Não se trata, portanto, de abolir a especialização. O clínico geral não pode dominar todos os
campos do saber, mesmo porque o progresso científico é muito rápido, e seria impossível
acompanhá-lo nas suas mais diversas frentes. Não obstante, a ênfase na especialização faz
com que se perca de vista a totalidade do ser humano e o funcionamento do organismo
como um sistema vivo cujos componentes são interligados e interdependentes, e fazendo
parte de sistemas maiores que o afetam mas que podem também ser por eles modificados.
Dentro da visão holística, o estado de saúde pode ser definido como um estado de harmonia
entre o corpo, a mente e o ambiente. Nele, o indivíduo traz dentro de si, harmônicas e
equilibradas, as duas tendências básicas dos organismos: a tendência auto-afirmativa,
que o faz identificar-se como indivíduo único e pessoal, consciente de sua individualidade, e
a tendência integrativa, que lhe dá a consciência de ser e se sentir parte de todos maiores,
integrando-se na harmonia cósmica.
É por isso que, dentro desse enfoque, não se vê a doença como um conjunto de sinais e
sintomas, que devem ser suprimidos ou controlados por medicamentos ou procedimentos
terapêuticos agressivos. A doença é tão somente reflexo de uma desarmonia ou de um
conflito e deve ser observada e estudada para que se busque a causa subjacente. Essa
observação pode incluir variados instrumentos e procedimentos para diagnóstico e
tratamento - alguns até não ortodoxos.
Exatamente por isso é que se exige um envolvimento emocional com o paciente que não
existe e é até condenado pelos mestres durante a formação médica. Esse envolvimento é
considerado fator importante para a compreensão que ambos - médico e paciente - terão do
processo e implica em transformar radicalmente tanto a relação entre os dois como cada um
individualmente. Aí, é necessário que o médico abdique do poder nessa relação, abra mão
de sua autoridade e passe a se colocar como parceiro terapêutico, conferindo ao paciente a
responsabilidade pelo seu próprio tratamento, ajudando-o como profissional treinado a
encontrar o caminho de sua cura.
Nesse contexto, a cura é buscada não apenas na eliminação dos sintomas mas num
movimento para restabelecer o relacionamento com o universo, um sentimento de que é
possível ter a integridade e saúde de volta tão logo sejam descartados os sentimentos e
emoções negativas como o medo, o ceticismo, a raiva e a frustração.
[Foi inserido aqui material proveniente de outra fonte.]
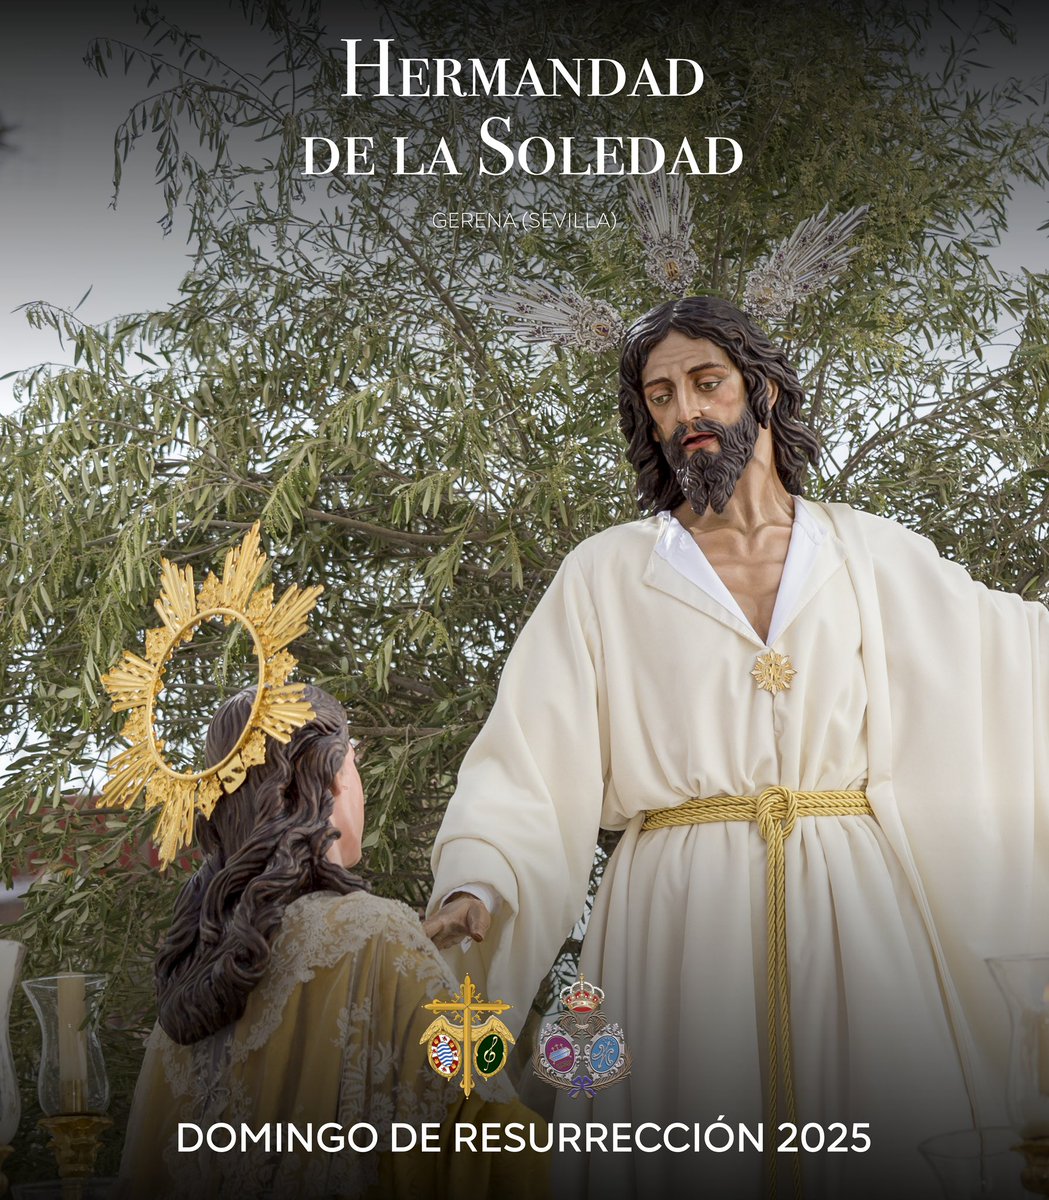 📣 𝗟𝗔 𝗦𝗢𝗟𝗘𝗗𝗔𝗗 𝗗𝗘 𝗚𝗘𝗥𝗘𝗡𝗔 𝟮𝟬𝟮𝟱.

Anunciamos el acuerdo firmado con la Hermandad de la @SoledadGerena (Sevilla) para acompañar musicalmente al Señor de la Paz en su Resurrección Gloriosa el próximo Domingo de Resurrección.

Nessa abordagem, o corpo e a mente não são separados, e os males psicossomáticos são da
alçada de todos os profissionais de saúde e não apenas dos psiquiatras. A doença mental
passa a ser vista como uma falha na avaliação e na integração da experiência e os sintomas
refletem tão somente a tentativa do organismo de curar-se e atingir um novo nível de
integração. Por isso não devem ser suprimidos mas trabalhados, para que o novo nível seja
atingido.
A saúde holística não é uma especialidade, nem uma disciplina que, por uma reforma
curricular, passe a ser ensinada na escola médica. Ela é uma perspectiva, uma forma de
abordar a realidade na busca de superar o dualismo, a fragmentação e o mecanicismo
newtoniano-cartesiano. Implica em uma revisão da nossa própria maneira de encarar e de
viver no mundo, tanto como terapeutas como quanto pacientes. Propõe uma nova forma de
perceber e tratar a tensão, de aceitar a responsabilidade pelas nossas ações e permitir que
os outros assumam as suas. Valoriza a noção de um objetivo, de um projeto de vida e
busca relacionamentos humanos mais satisfatórios e mais criativos.